In 1488, he was appointed regent of the Franciscan studium generale in Milan. On 1491 he was appointed professor of theology at Padua, a position he held through 1505.
O'Fihely acted for some time as corrector of proofs to two well-known publishers at Venice, Scott and Locatelli — in the early days of printing a task usually entrusted to very learned men— and he was one of the first Irishmen to engage with the new technology of the printing press. O'Fihely was acknowledged as one of the most learned men of his time.

In 1506 he was appointed minister provincial of the Irish Franciscan province.

In 1506, he was appointed as Archbishop of Tuam and was consecrated at Rome by Pope Julius II. In 1513, he received a Scholastic Accolade from the Church, styled as Doctor Flos Mundi.

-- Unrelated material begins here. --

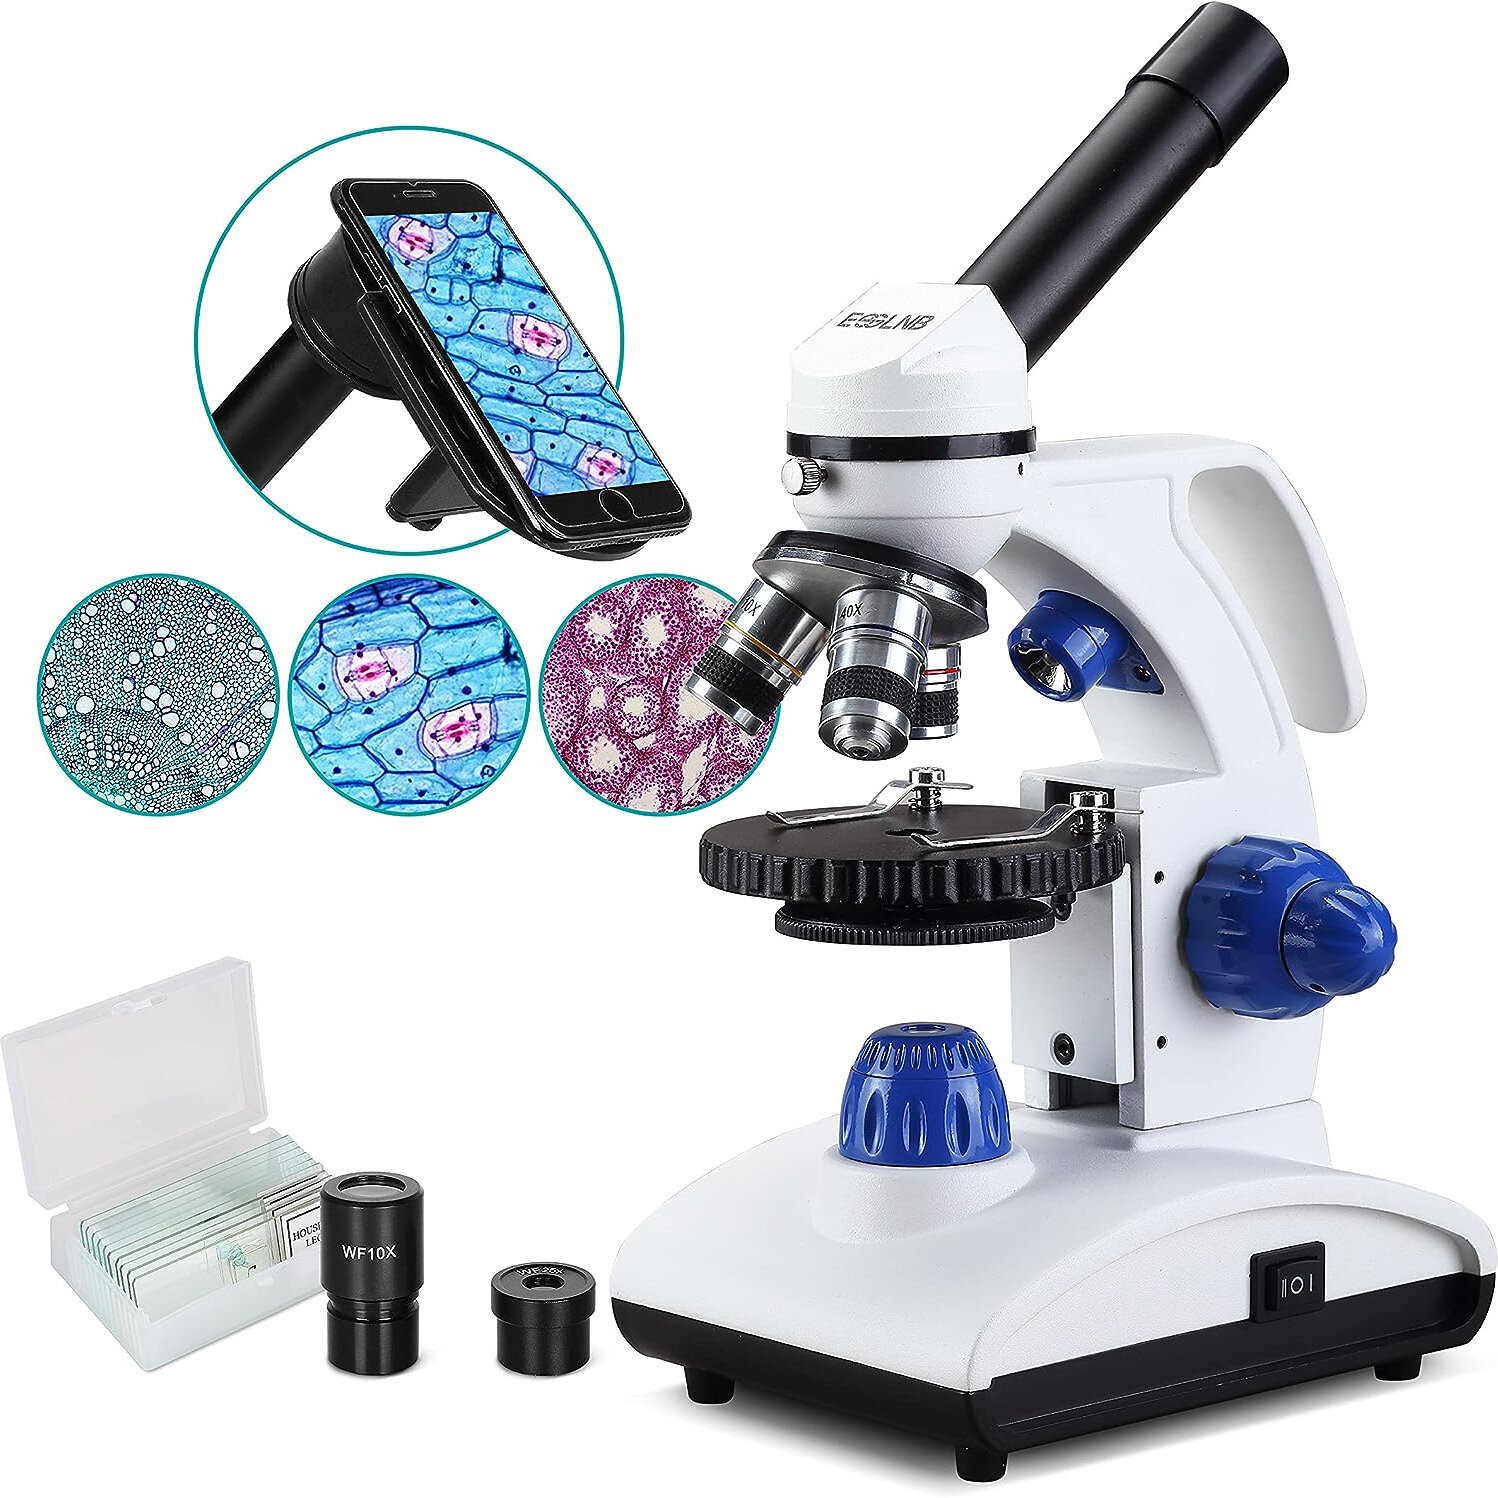 [EU Direct] Erro na tradução ES1045 Microscópio 1000X Microscópio de estudante para crianças Microscópio biológico de luz LED com lâminas e adaptador de telefone Lentes de vidro óptico em metal.

He did not return to Ireland till 1513, in the meantime attending as Archbishop of Tuam the first two sessions of the Fifth Lateran Council (1512). On leaving for Ireland to take formal possession of his see, O'Fihely procured from the pope an indulgence for all those who would be present at his first Mass in Tuam. However, he was destined not to reach Tuam, for he fell ill in Galway and died there in the Franciscan convent.

==Works==

O'Fihely is chiefly known as the editor of many of the works of Duns Scotus.
His learning and scholarship were held in very high esteem during his own time, and some of his notes on Duns Scotus were valued over a century later.
He wrote a commentary on the works of Scotus which was printed at Venice about 1497. He dedicated his 1505 Enchiridion fidei to Gerald FitzGerald, 8th Earl of Kildare.

==Sources==
- Ó hAodha, Ruairí, 'Maurice O'Fihely: Printer, Publisher and Archbishop of Tuam', in Journal of the Old Tuam Society Vol. 7. (Tuam: 2010)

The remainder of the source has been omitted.